To Major General Horatio Gates

Head Quarters Fredericksburg [N.Y.] Novr 24th 1778

Sir,

I received yours of the [thirteenth] inst. by Mr Dodge and of the 16th by Capt. Bailey. Dodge is by far the best acquainted with the communication between the St Lawrence and Detroit of any person I have met with and should the situation of our affairs admit of an expedition by way of Lake Erie, he will be truely valuable not only from his acquaintance with the country but from his knowledge of the Languages of the Western Indians. Several circumstances conspire to render an expedition into Canada this Winter impracticable. Had the Enemy so far have reduced their numbers at New York & Rhode Island as to have admitted of a detachment sufficient for such an enterprize, want of provisions only, in proper time, would have been an insuperable bar. When Genl Bailey came to make a collection of the Bread and meat upon the upper part of Connecticut River he found the quantity to fall vastly short of the estimate delivered in at the white Plains. Instead of two Thousand Barrels of Salt meat and from ten to twenty thousand Bushels of Wheat, he cannot furnish more than 1000 Barrels of the former part of which was drove up from below, and a very trifling quantity of flour. Our magazines were so exceedingly exhausted by the Rhode Island expedition—the French fleet and the Convention Troops, that the commissary General would not engage for the supply of a Body of Men adequate to the purpose before the next Spring: However that we may be prepared to take advantage of any favorable opening which the circumstances of the Enemy may oblige them to give us next Year, I have desired Genl Bailey to go on laying up as much meat and flour as he can in that Quarter.
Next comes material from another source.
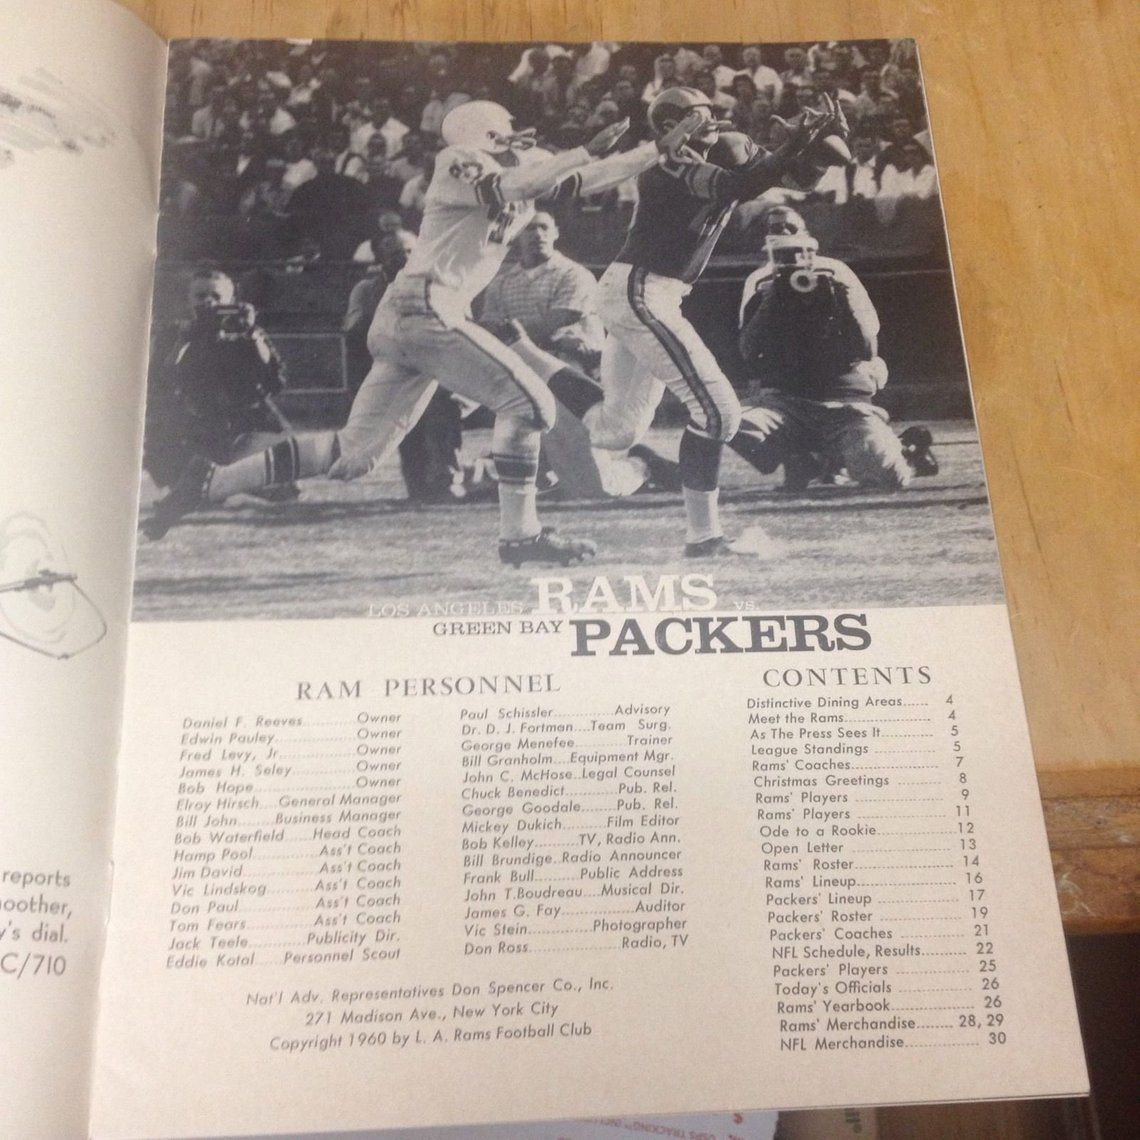 Los Angeles Rams V Green Bay Packers Football Program Dec 17 1960 Green Bay Packers Football Football Program Packers Football

Should the Enemy continue their operations upon the Coast the next campaign and oblige us still to turn our attention that way, those magazines above may be brought down at small expence.
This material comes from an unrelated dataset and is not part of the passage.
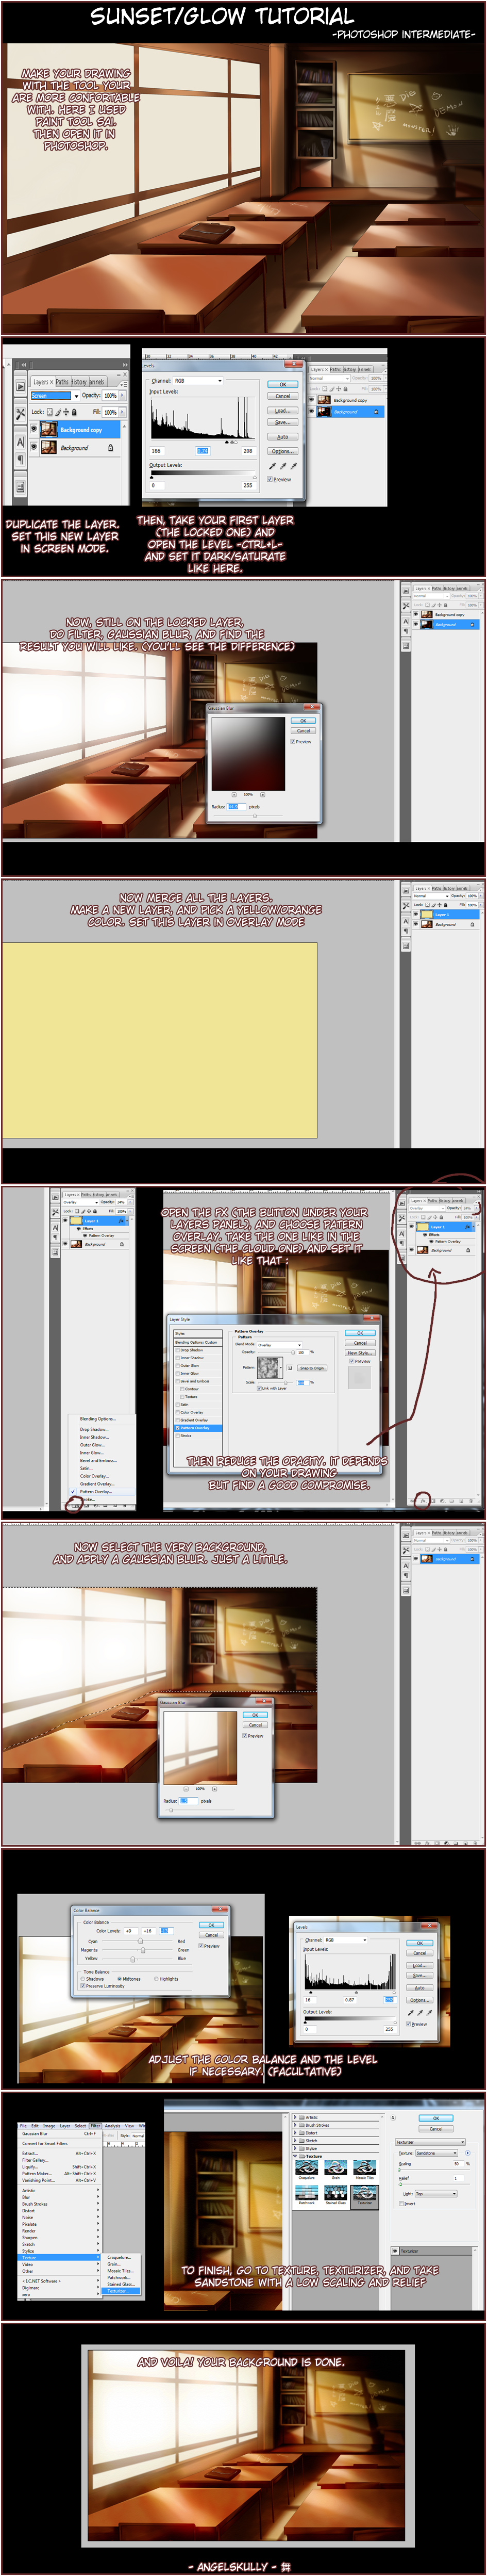 Glow tutorial photoshop by kuro mai on deviantart photoshop computer art glow tutorial photoshop by kuro mai on deviantart baditri Image collections

The Posts in the Highlands are very illy furnished with heavy cannon and I find we can put no dependence upon the only quarter from whence we had any expectation. That was from Salisbury Furnace. The manager of which informs Colo. Hay that the Furnace is out of repair, and that there is neither ore nor coal, nor any one thing in preparation for a blast this Winter. If the Guns of the sommerset are saved, her lower Deckers will answer the purpose. I could therefore wish you would endeavour to procure about Twenty of the heaviest, and if they can be obtained that they may be sent forward as soon as the hardness of the roads will admit, or when they are covered with Snow, which will be the easiest mode of carriage.

All appearances of an evacuation of New York this Winter, seem to have vanished; they are from every account busy in preparing Quarters—The Troops of the second embarkation are stopped.

I have paid Capt. Bailey and his two Officers for the time they were detained in Canada, and Colo. Wheelock is gone down to Congress to get Colo. Bedel’s Regiment put upon some kind of establishment, which it has never yet been. When that is done there will be no more difficulty in procuring their pay—Cloathing &c. in the manner the others do.

Be pleased to direct for me hereafter at middle Brook in Jersey. I am Sir Your Most Obet Servant

Go: Washington

LS, in Richard Kidder Meade’s writing, NHi: Gates Papers; Df, DLC:GW; copy (extract), DNA: RG 93, photocopies of state records; Varick transcript, DLC:GW.